In the recovery of oil from a rock reservoir generally only a fraction of the oil originally present is successfully extracted by primary recovery processes. In this case the oil reaches the surface as a result of the natural reservoir pressure. In secondary oil recovery, water is usually injected into one or more injection wells in the formation and the oil is driven to one or more production wells and then brought to the surface. This so-called water flooding as a secondary measure is relatively inexpensive and consequently is often used but in many cases leads to only a slight additional removal of oil from the reservoir.
An effective displacement of the oil, which is more expensive but in view of the future oil shortage is economically necessary, is successful by tertiary measures. This means processes in which either the viscosity of the oil is lowered and/or the viscosity of the reflooding water is increased and/or the interfacial tension between water and oil is lowered.
Most of these processes can be classified either as solution or mixture flooding, thermal oil recovery processes, surfactant or polymer flooding or as a combination of several of said processes.
Thermal recovery processes comprise the injection of steam or hot water or they occur as subsurface combustion. Solution or mixture processes involve the injection of a solvent for the oil into the reservoir, which solvent can be a gas and/or a liquid.
In surfactant processes a distinction is made, depending on the surfactant concentration, surfactant type and additives, between surfactant-supported water flooding (a process, which can serve, e.g., to increase the injectivity of injection wells or represent a "low-tension process"), micellar flooding and emulsion flooding.

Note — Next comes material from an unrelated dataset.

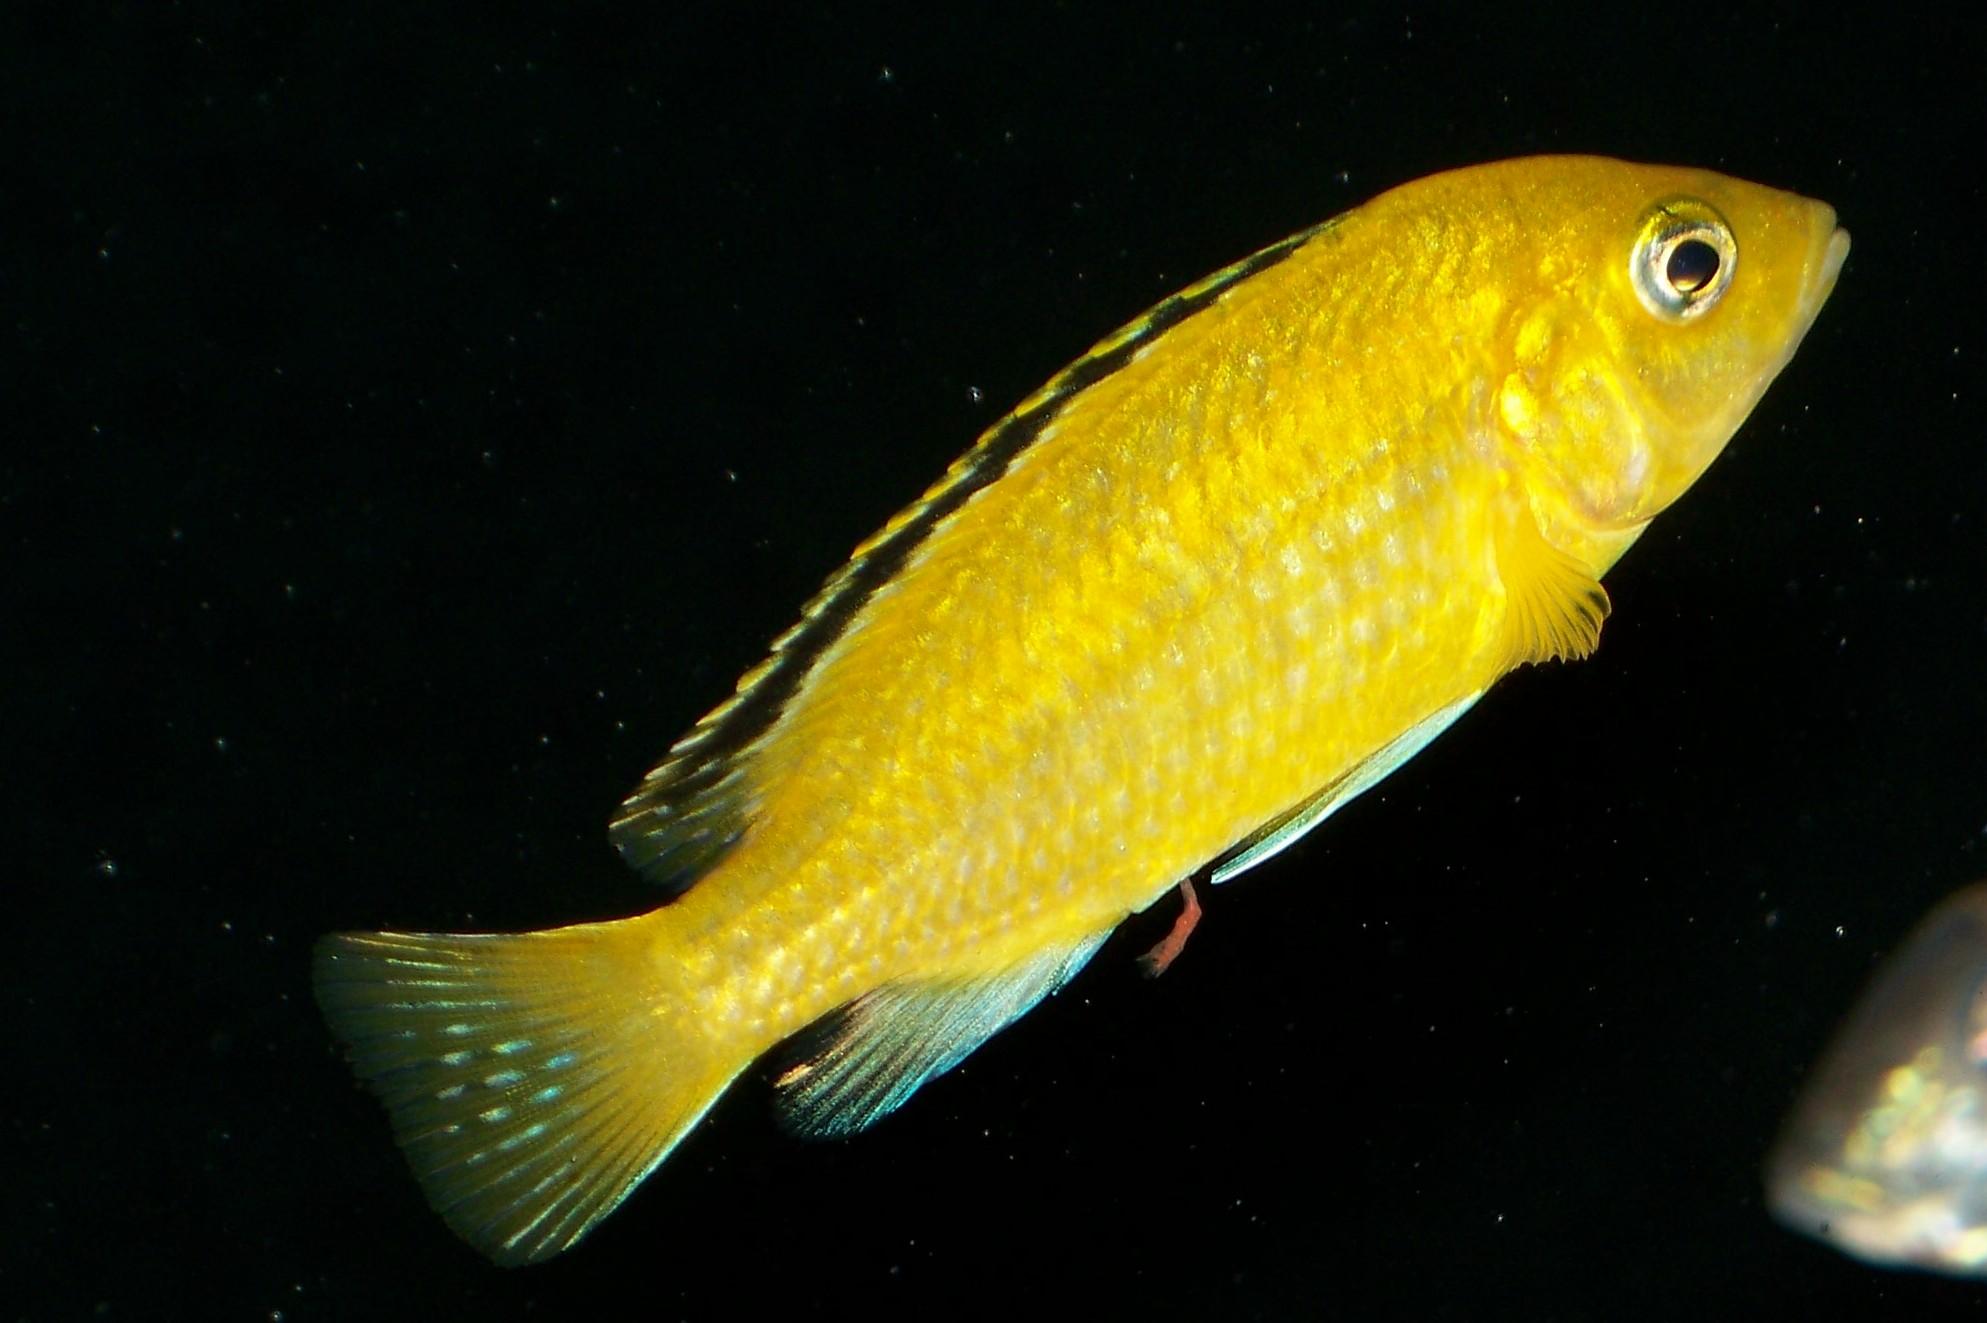 cichlids.com: F1 labidochromis caeruleus Lions cove female  cichlids.com: F...

The surfactant process is based in the first place on a marked lowering of the interfacial tension between oil and flood water. In addition, the wettability of the rock surface and mobility ratio are very important. Favorable mobility ratios between oil and water are achieved by polymers.
This invention relates to a process for recovery of oil by surfactant flooding or micellar-polymer flooding in medium to high saline reservoirs.
The invention particularly relates to a process for reservoirs, which are governed by marked temperature fluctuations or a temperature gradient.
Since the temperature of the reservoir rock is basically determined by heat flow from the interior of the earth to the surface area, inconstant temperatures are caused either by sharp reservoir slopes or on an intervention in natural events. This intervention also occurs, e.g., the injection of water during water flooding. Long-lasting water flooding, especially of high-temperature reservoirs, often leads to the formation of a marked temperature gradient. This is particularly pronounced in the case of high-temperature offshore reservoirs, which are flooded with cold seawater, which leads to a marked cooling around the injection areas. Thus, e.g., in reservoirs in the North Sea area temperature spreads between about 10.degree. C. close to the injection sondes and about 100.degree. C. in more distant areas are known. A surfactant flooding process is, of course, ideally optimally effective in the entire temperature range. This ideal obviously assumes that the surfactant is stable for a long period under reservoir conditions.
Another problem of surfactant flooding is that many suitable surfactants, such as, e.g., alkyl or alkylaryl sulfonates, generally have a low tolerance limit in regard to the salinity of the reservoir water. The sensitivity of these surfactants to alkaline-earth ions is particularly pronounced. Many reservoir waters have high salinities; a very significant part of the North American light oil reservoirs have salinities around 100,000 ppm and higher, and the content of dissolved alkaline-earth ions in most cases is considerable. Also, the seawater often injected for secondary measures in offshore reservoirs has, with a TDS value of about 36,000 ppm and alkaline-earth ions of about 2,000 ppm, a salinity far above the compatibility limit for the usual sulfonates.
Typical surfactants, which are tolerant toward extremely high total salinities and corresponding alkaline-earth ion concentrations and can mobilize oil in a highly effective way, are, e.g., carboxymethylated oxethylates (cf. U.S. Pat. Nos. 4,478,281, 4,457,373 and 4,582,138). But these surfactants must be tailored for the conditions of the respective reservoir (salinity, oil character, temperature, etc.). Relatively insignificant deviations of the local reservoir temperature from a mean value has no marked influence on the surfactant activity. But marked temperature gradients with temperature spreads between 10.degree. to 100.degree. C. drastically impair surfactant effect.
On the other hand, if carboxymethylated oxethylates are combined with relatively hydrophobic alkyl, alkylaryl or dialkylaryl sulfonates, surfactant systems are obtained, which in the presence of suitable cosolvents can be effective in mobilizing oil over broad temperature ranges, e.g., between 10.degree. and 100.degree. C. This recently observed property can be understood to a certain extent, if the solubilities of the two surfactant groups are considered as a function of the temperature. The corresponding coefficients behave in a predominantly inverted manner, so that the surfactant activity is balanced to a certain extent over broad temperature ranges, as interfacial measurements as a function of temperature have shown in the meantime.